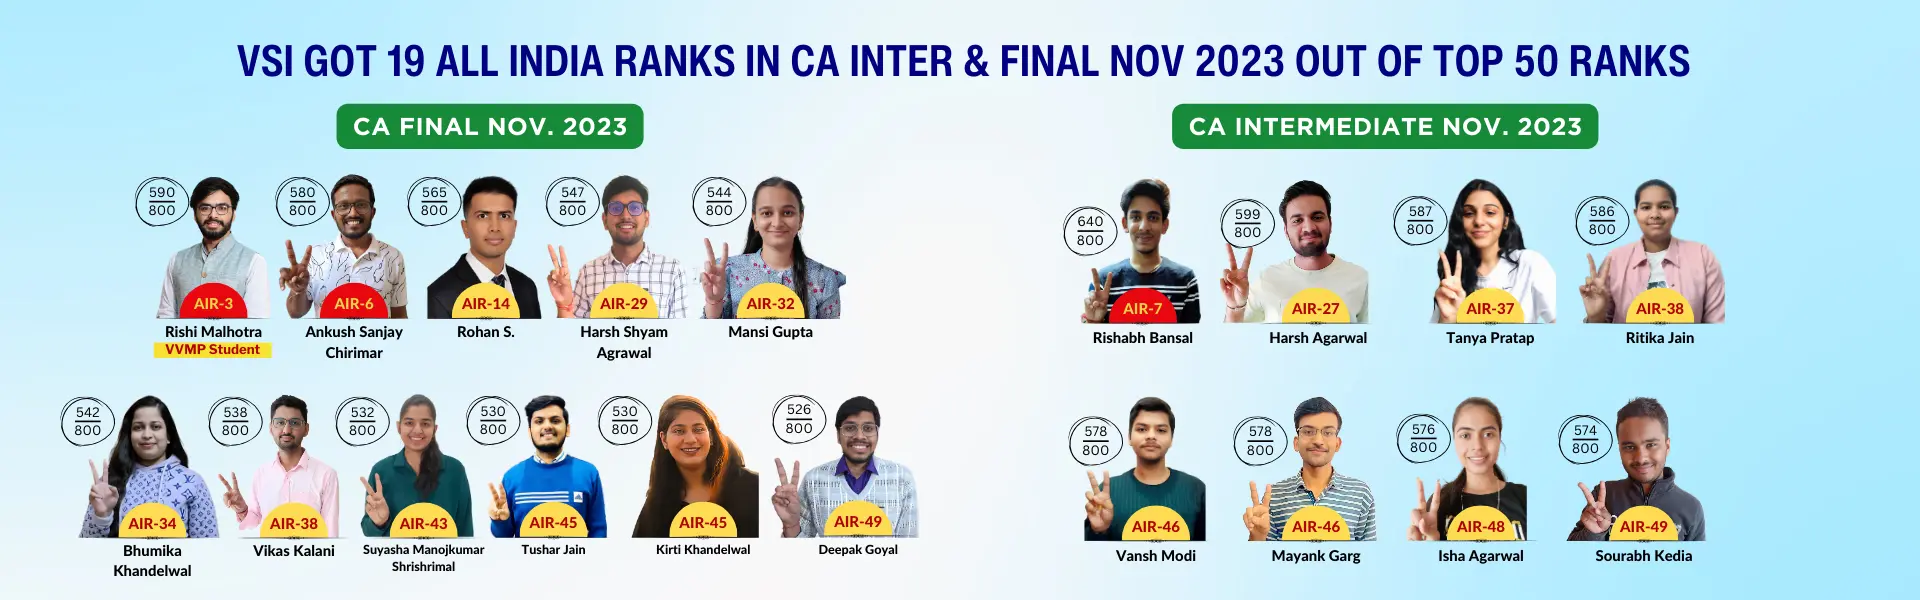 VSI Got 19 All India Ranks in CA Intermediate & Final Nov. 2023 Out of Top 50 Ranks
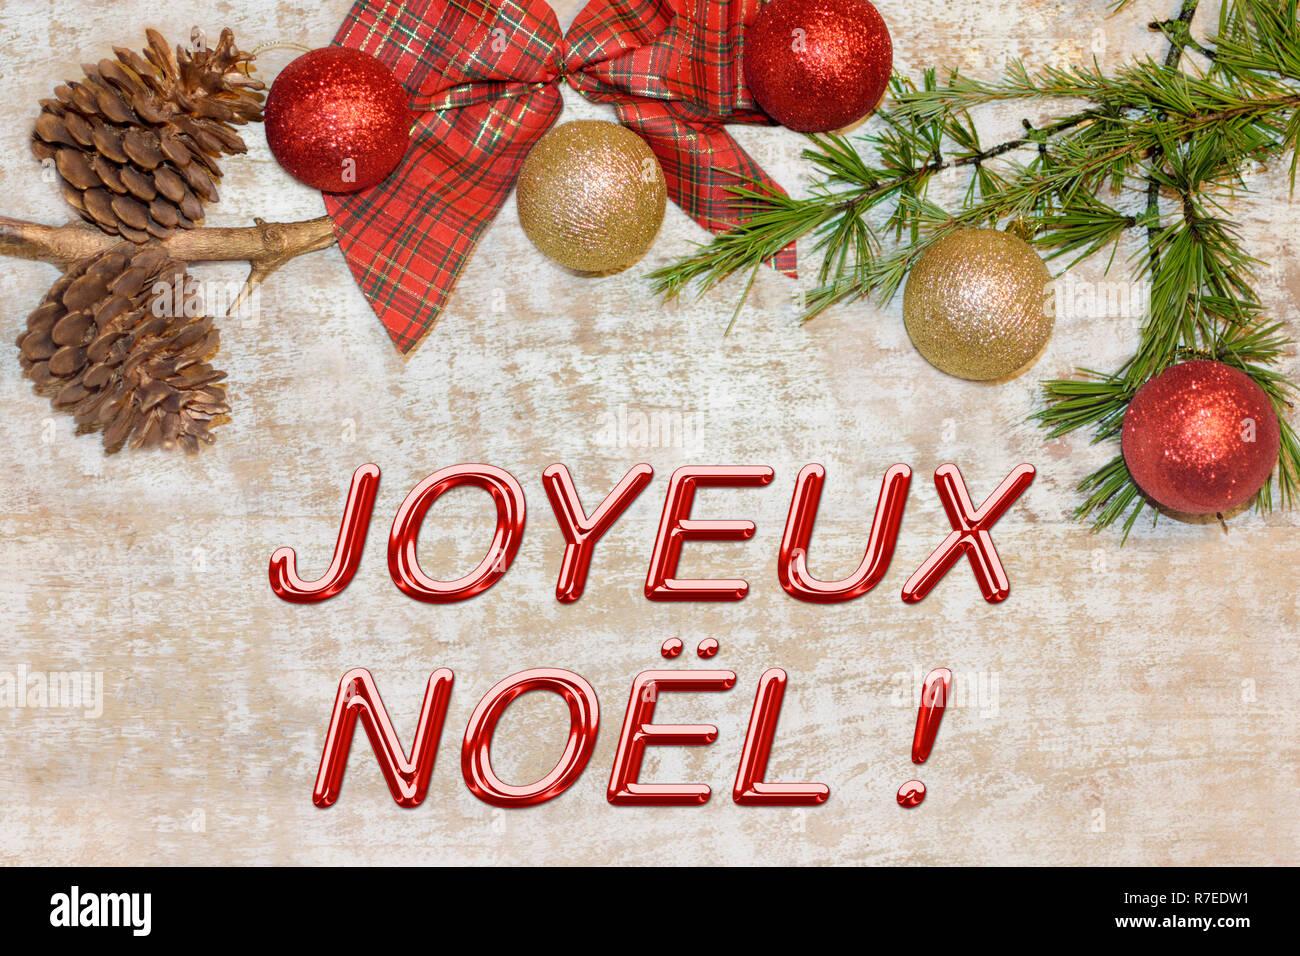 Weihnachten Zusammensetzung Rahmen für die glückwunschkarte. "Joyeux Noël" Stockfoto
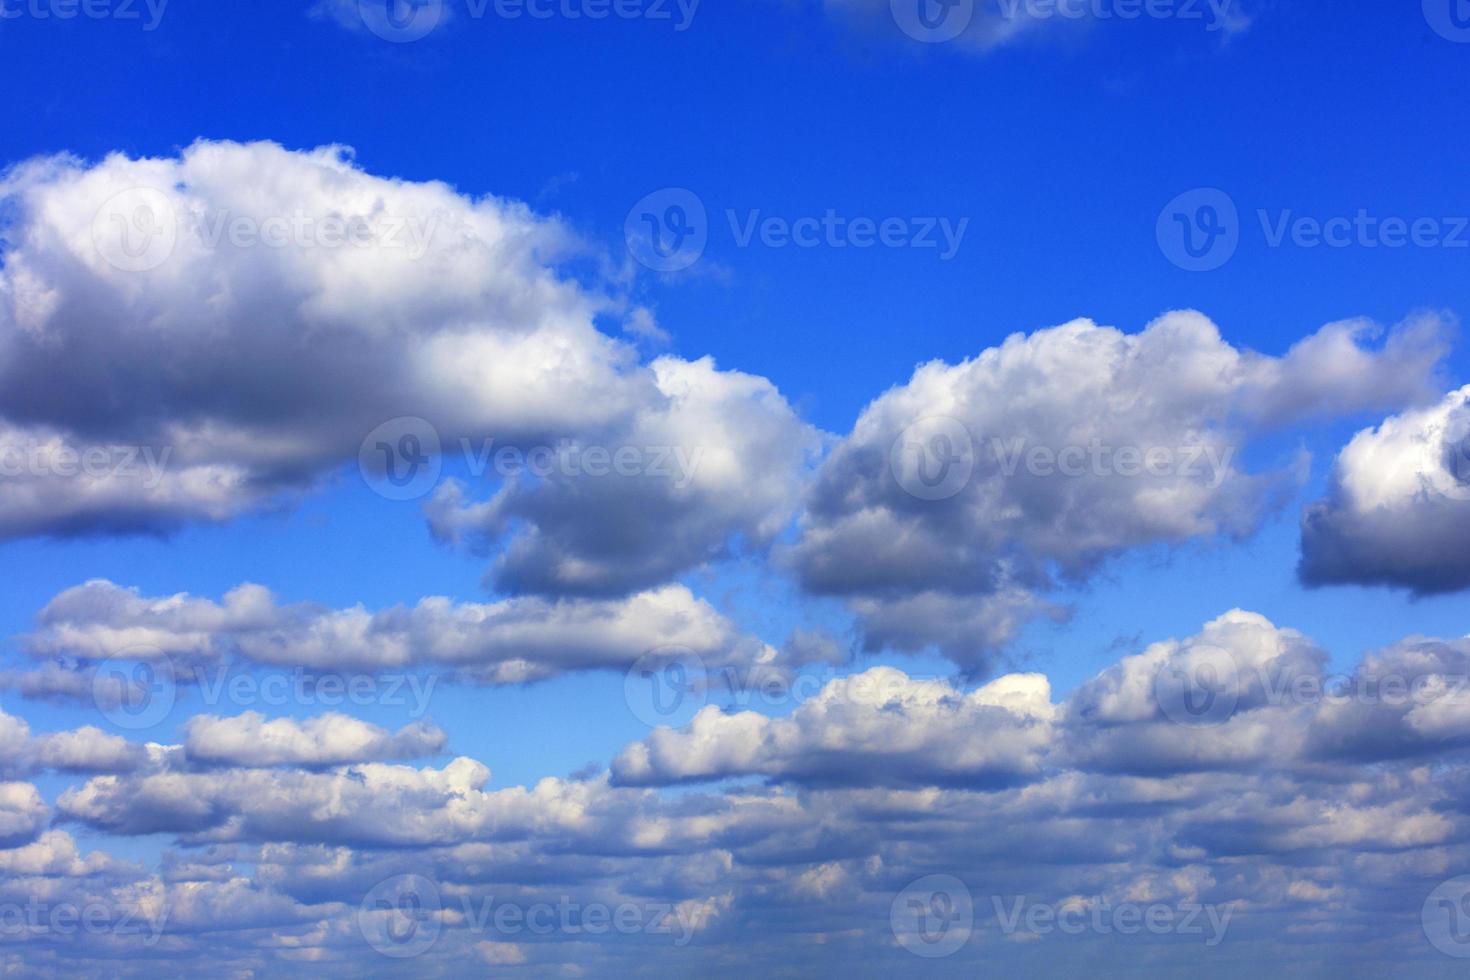 exuberantes nubes blancas y grises cubren un brillante cielo azul saturado. foto
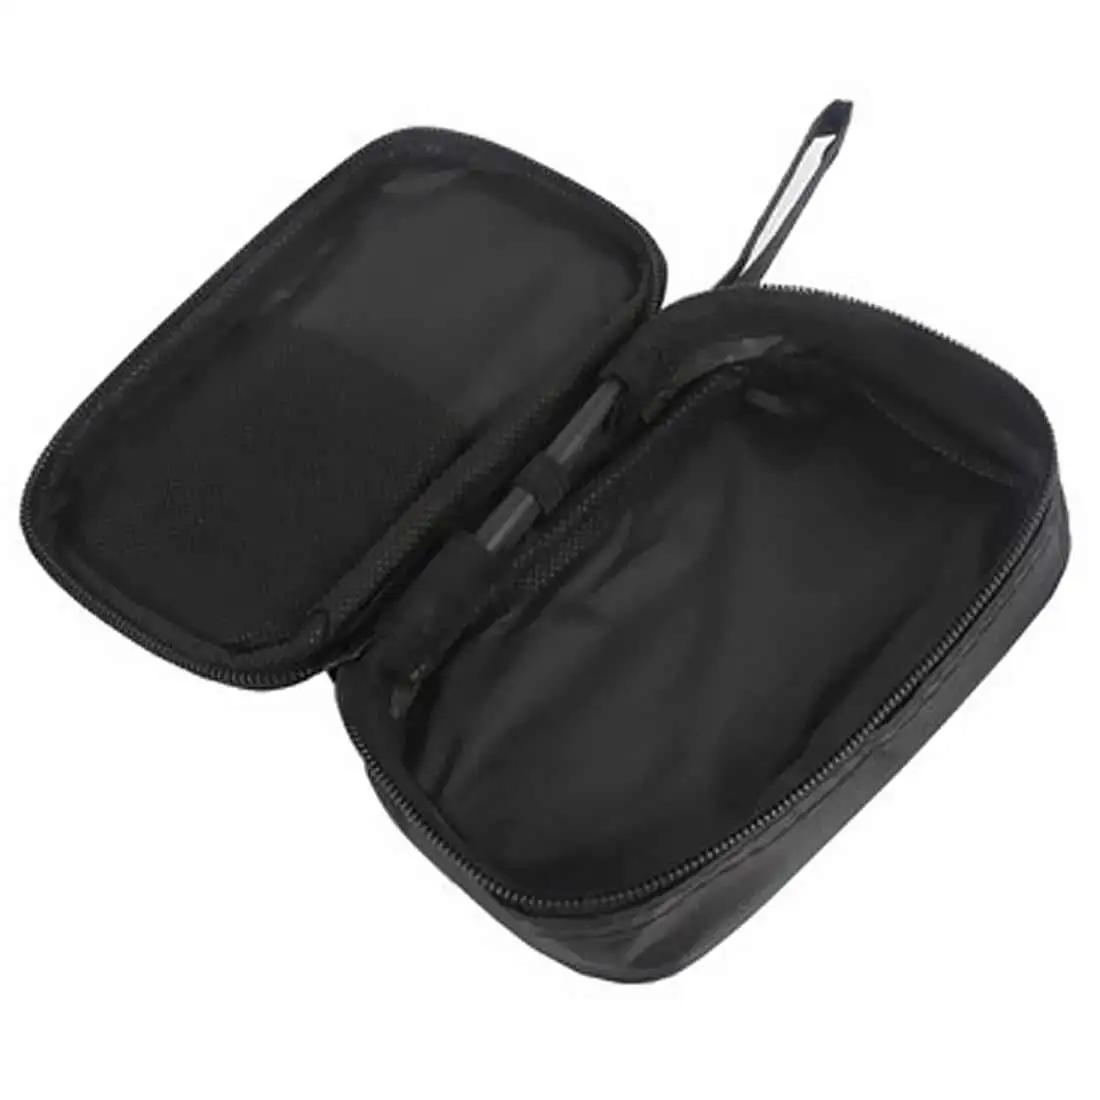 Прочная водонепроницаемая сумка для инструментов мультиметр черная тканевая сумка Прочный водонепроницаемый противоударный мягкий чехол тканевая сумка

==========

■ **What you should do**:
The copy must start at the line containing "exuberantes nubes blancas" and end at the last line of the data, matching each line exactly. It must hold no pictures.

■ **Task output**:
 exuberantes nubes blancas y grises cubren un brillante cielo azul saturado. foto
 Прочная водонепроницаемая сумка для инструментов мультиметр черная тканевая сумка Прочный водонепроницаемый противоударный мягкий чехол тканевая сумка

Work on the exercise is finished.